Prebiotics such as fructo-oligosaccharides (FOS) and galacto-oligosaccharides (GOS) are preferentially fermented into SCFAs by Bifidobacterium and Lactobacillus which have historically been viewed as beneficial bacteria, resulting in lowered luminal pH. The addition of oligosaccharides to poultry feed has been shown to increase Bifidobacterium and Lactobacillus populations, while also being refractory to E. coli[104] and Salmonella colonisation[105,106]. This outgrowth of prebiotic-utilising taxa has also been demonstrated to eliminate C. difficile in mice[62]. The prebiotic inulin is primarily composed of FOS and has been shown to ameliorate low-grade inflammation through microbiota-dependent induction of IL-22 expression[107] and was able to prevent increased bacterial mucus penetration in high-fat diet-fed mice[108]. Furthermore, supplementation of high-fat diet-fed mice with B. longum restored mucus growth[108], suggesting that prebiotic and probiotic treatments have the potential to prevent intestinal mucus abnormalities, which is a consequence of a high-fat diet.

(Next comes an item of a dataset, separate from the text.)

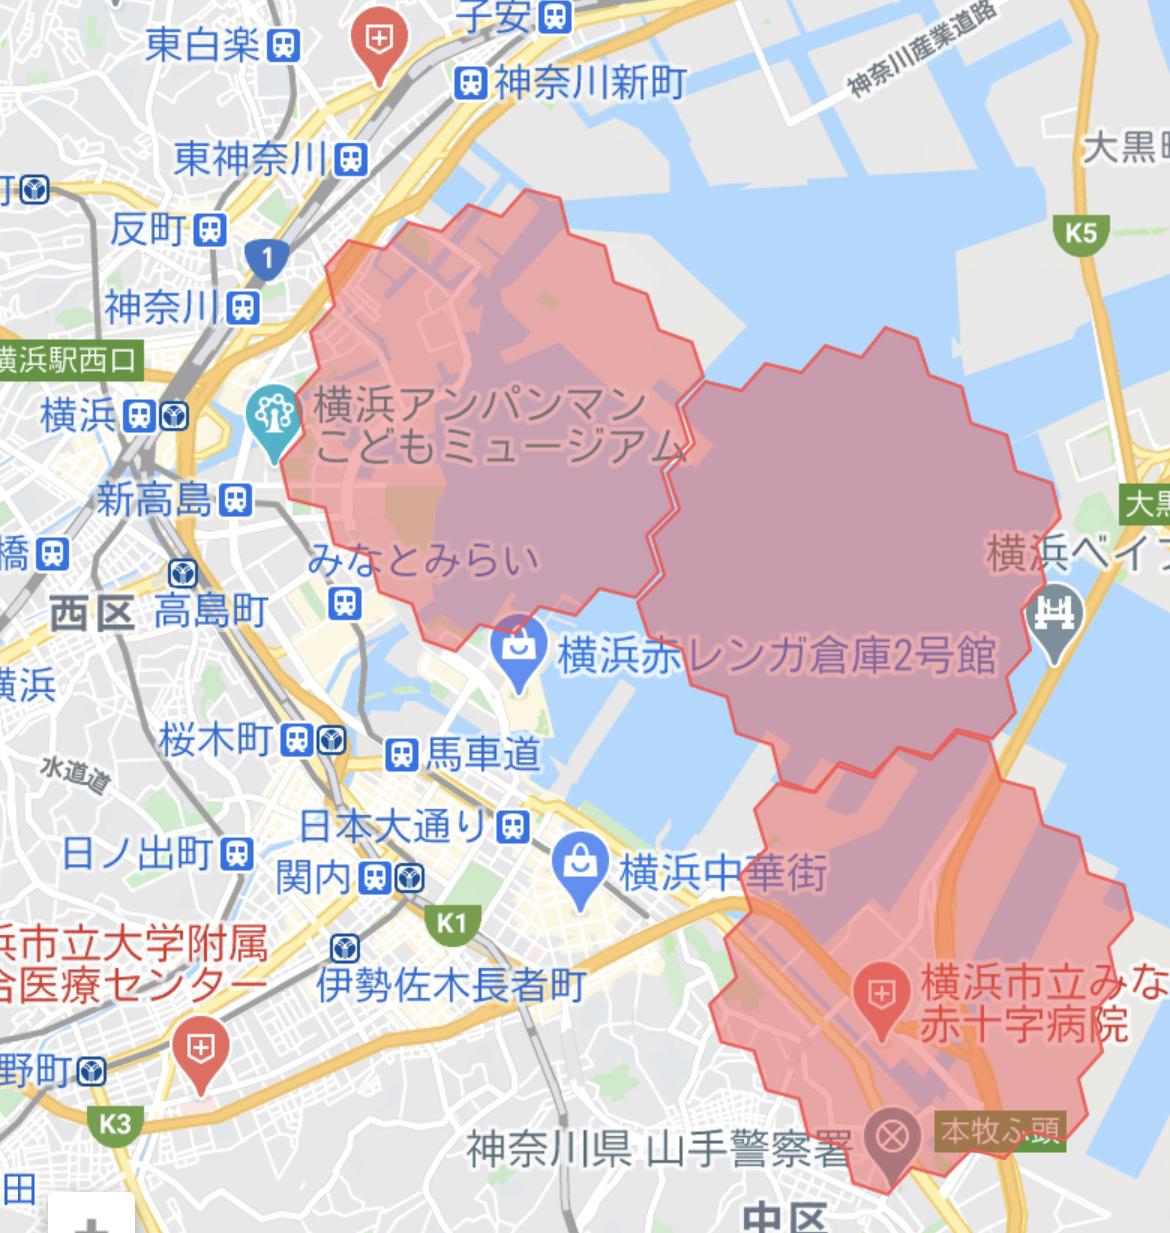 横浜 menu(デリバリーアプリ)の配達エリア

However, a study by Miles et al.[109] demonstrated that inulin may actually have the potential to exacerbate disease severity in response to inducers of colitis such as dextran sodium sulphate (DSS) in both low-fat and high-fat diets. Moreover, inflammation is crucial for the successful colonisation of Salmonella, through the inflammatory-mediated expression of virulence factors; studies in rats have shown increased translocation of Salmonella when FOS is added to the diet[110]. Although the overwhelming data suggest the beneficial effects of inulin supplementation, more care is needed to define the specific mechanisms by which inulin impact the gut microbiota to protect against the effects of inflammation and improve mucosal integrity.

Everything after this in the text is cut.